I have sorted through many videos, and think these are of good quality. Once you are comfortable swimming the basic strokes, you can use these videos to help you refine your stroke. As your stroke technique improves, you will be able to swim greater distances at a faster pace, using a smooth, efficient technique. Swimming is a science, and these videos give you the benefit of the same research that “the pros” use.


World Class Swimmers – What is the speed limit?

On the Postings page, there are several videos that offer excellent views of the techniques of Alex Popov (Olympic champion in sprints) and Sun Yang, in an amazing 1500m record swim. The underwater cameras reveal how much freestyle has changed. Stuff that was wrong, such as a weak kick and major body roll are now the way to swim more efficiently!

Smooth Technique, pt. 1

Well done video on swimming efficiently. It goes with the book Swim Smooth (review).

3 Drills

Coach Josh Davis offers 3 freestyle training drills: Thumb Drag; Fist Drill; Catch Up Drill (5 min.)

Streamline Your Body

Jamie Shaules presents an entertaining lesson on the importance of reducing drag (vs. putting more effort in the stroke). (8 min.)

Shoulder vs. Hip Driven Techniques

Gary Hall illustrates hip driven vs. shoulder driven freestyle techniques (7 min., brief ad).

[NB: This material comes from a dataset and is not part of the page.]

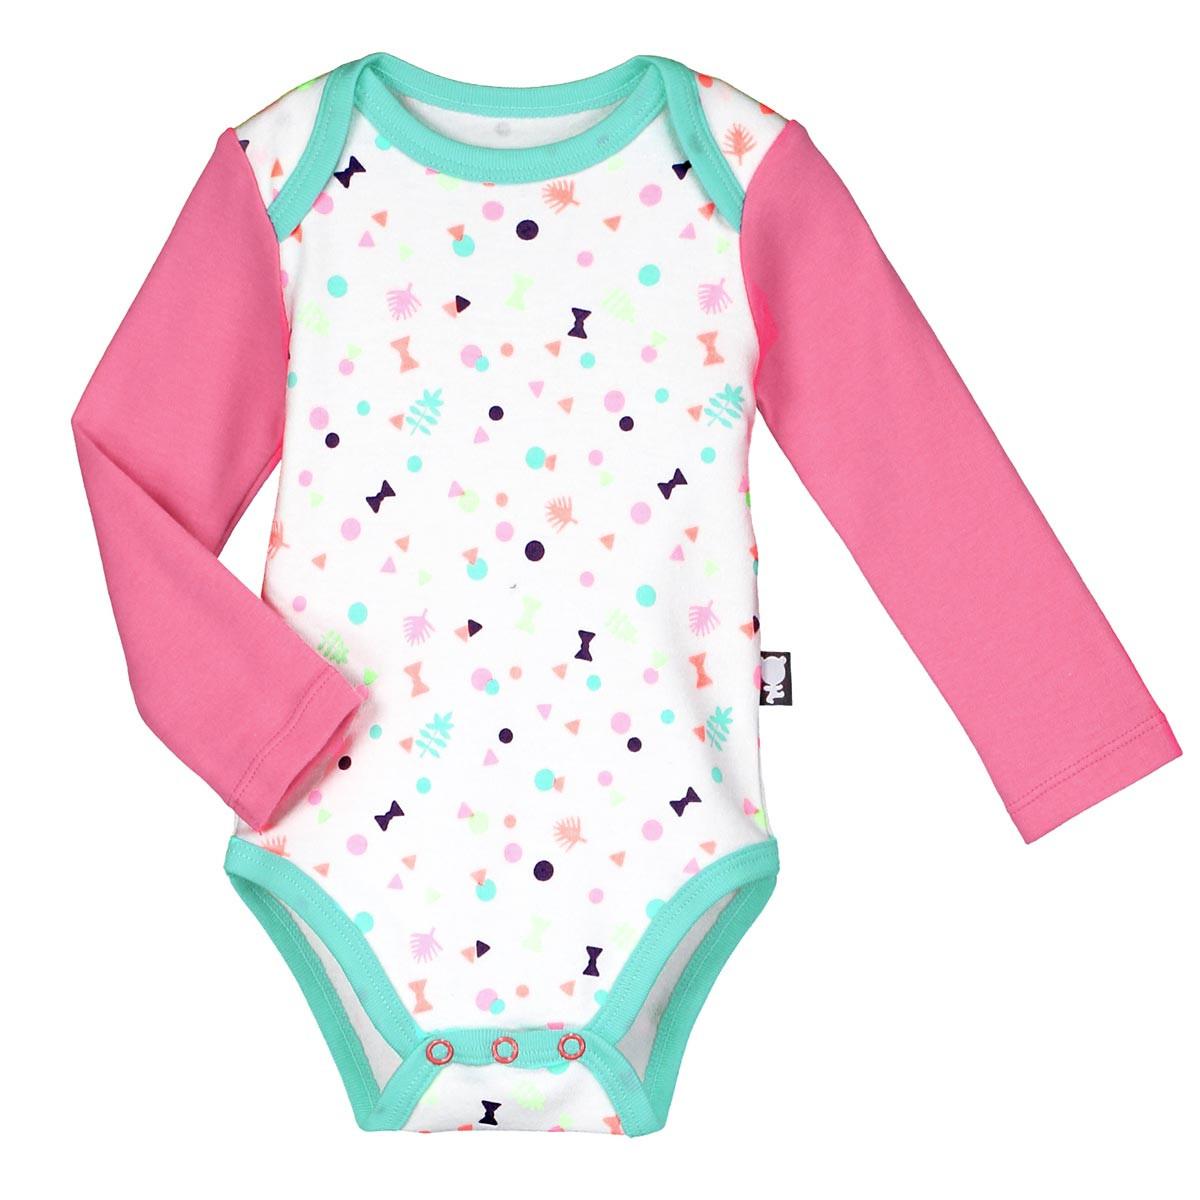 Lot de 2 bodies manches longues bébé fille Petite Troupe confettis

 What is the Limit? Featuring Alexander Popov

(Parts 2, 3, 4)
Alex Popov is a legendary Olympic freestyler (winner of 100m. gold 2 times) who was famous for his super-efficient stroke. These videos show Popov at his best, including drills, and they also attempt to answer the question, “How fast can man swim?”

Popov Part 3 | Popov Part 4


The butterfly is the 2nd fastest competition stroke. It is also the most difficult stroke to swim efficiently and has no practical value outside of competition. When swimmers are not using the correct techniques, or are not in good condition, you can see them struggle to maintain momentum and a flat body position. These videos show the correct technique and some drills to help you learn the dolphin kick, breathing and a “feel for the water”. It takes time and hard work for most swimmers to become competitive in the ‘fly, so don’t be discouraged–hang in there and keep practicing. Learning butterfly is a good way to challenge yourself, and it will help your overall swimming, even if you never compete.

Basic Butterfly Technique

This video shows the stroke from the front and side, with freeze frames on key points. Note the pattern of the arms: they enter inline with the shoulders, pull outward, then return near the hips at the end of the power stroke.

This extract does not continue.